Red Yeast Rice Mushroom

  • lowering cholesterol levels in blood
  • anti-inflammatory and antioxidant properties, which help to prevent cardiovascular disease (stroke, coronary heart disease)
  • decreasing blood glucose levels

Reishi, Lingzhi

  • know in traditional East Asian medicine for improving health and longevity – even its name, reishi, means ”mushroom of immortality”
  • antioxidant, anti-inflammatory, anti-allergic properties
  • improving immune system
  • to prevent cardiovascular disease by preventing formation of thrombosis, lowering blood pressure and cholesterol levels
  • preventing respiratory (bronchitis, asthma) and gastrointestinal disorders (gastric ulcers)
  • positive effect on liver and kidney
  • acting as antiviral and antibacterial
  • helps with insomnia and anxiety

Royal Sun Agaricus

  • antitumour and immuno-stimulatory activity (preventing and treating of different types of cancer)
  • anti-inflammatory, anti-allergic, and antiviral
  • lowering blood sugar (protecting against diabetes) and cholesterol levels
  • reducing emotional and physical stress
  • treating hepatitis, dermatitis, osteoporosis and peptic ulcers

Shiitake

  • known as ”elixir of life” in China and Japan, for its promotion of energy and vitality
  • improving immune system
  • to prevent cardiovascular disease (by reducing blood lipid levels)
  • acting as antioxidant and anti-inflammatory
  • helping with allergies and bronchitis
  • activity against infections, such as influenza, common cold and candidiasis

Shaggy Mane

  • antioxidant
  • anti-anxiety effects
  • antitumour activity against breast, ovarian and prostate cancer
  • lowering blood glucose levels

Tinder Fungus

  • used as styptic to stop bleeding and therefore used for treating wounds
  • traditional medicine is using it for relieving pain, treating rheumatism, painful menstruation, hemorrhoids and bladder disorders

Turkey Tail

  • antitumour properties – used for treating various cancers, combined with conventional treatment (first mushroom derived medicine that was approved)
  • improving immune system
  • antioxidant
  • helping with fatigue

Umbrella Polypore

  • used as diuretic
  • improving immune system, and having beneficial effect on kidney and liver
  • anti-inflammatory and antioxidant

Wood Ear

  • used for treating inflammation of the throat and eye irritations
  • antioxidant
  • reducing levels of cholesterol
  • anti thrombotic properties

Wow, mother nature was so generous to us!

Mushroom-supplements

I hope my list of medicinal mushrooms brought you a bit of ”behind the scenes” understanding of why there even are mushroom supplements.
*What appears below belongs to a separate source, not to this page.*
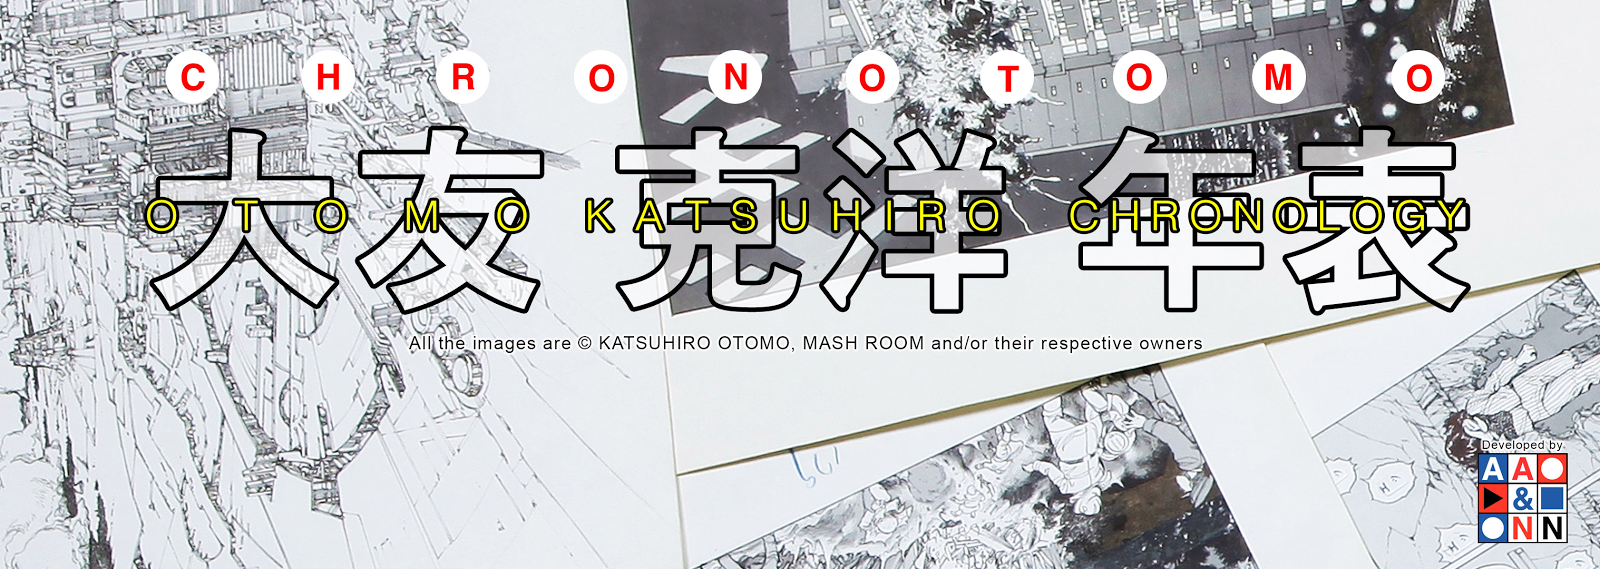 Katsuhiro Otomo 大友克洋 Chronology
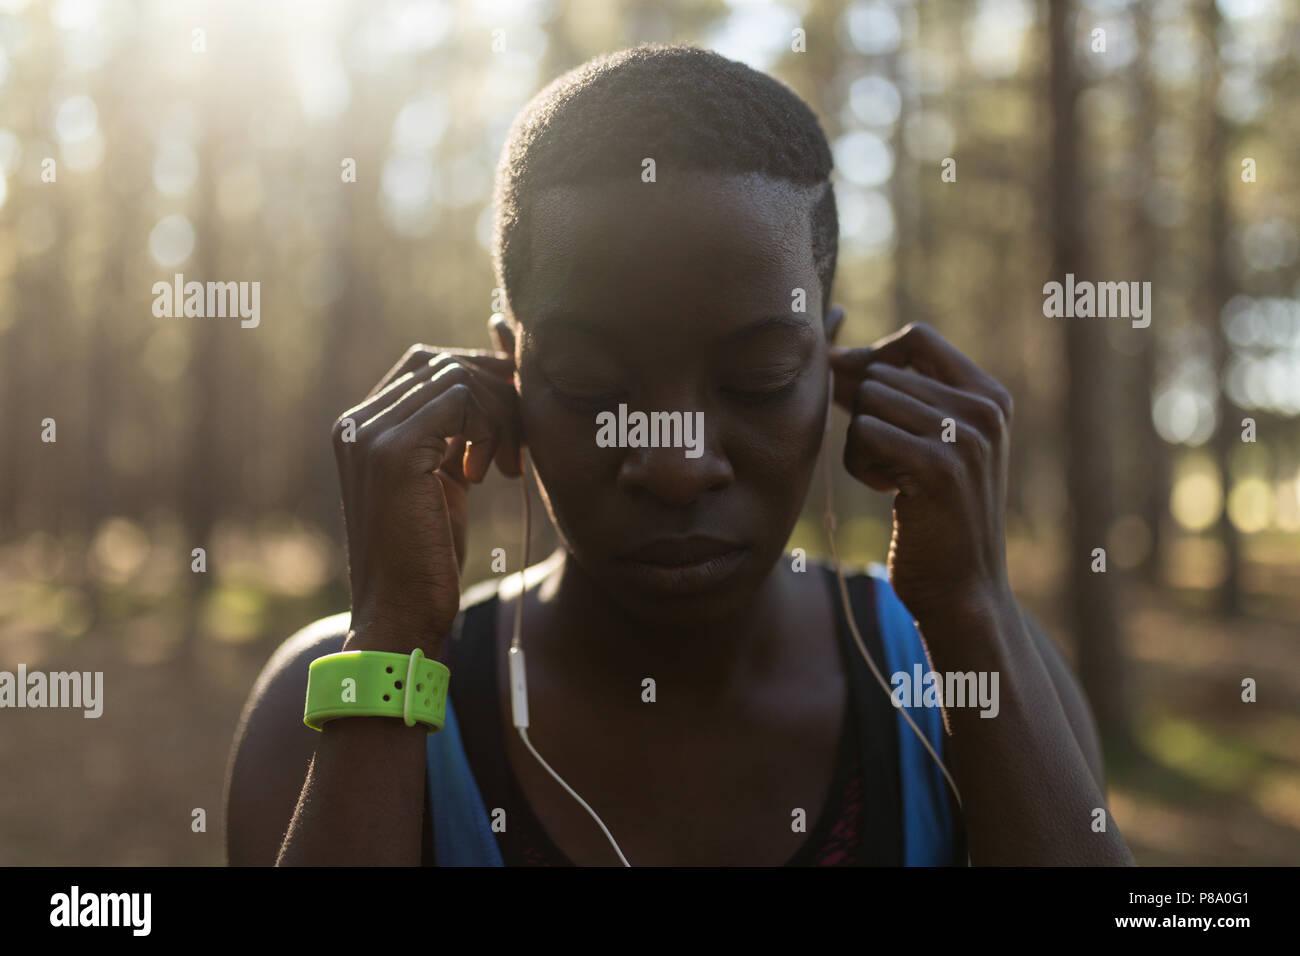 Female athlete listening to music in headphones - Stock Image

In my following posts you will get to know each medicinal mushroom mentioned above more in depth.

I would love to hear your intake on the list. Were you already familiar with any of mushroom (or all of them)?

Are you secretly happy to find out about Tinder Fungus, because you’ll use it as a fun dinner conversation input? I sure am, and to let you in on my plan: I will bring it up ”casually” right after I’ll place my order for mushroom soup.

With love,

Katja

Note: The list of medicinal mushrooms was made in the alphabetic order.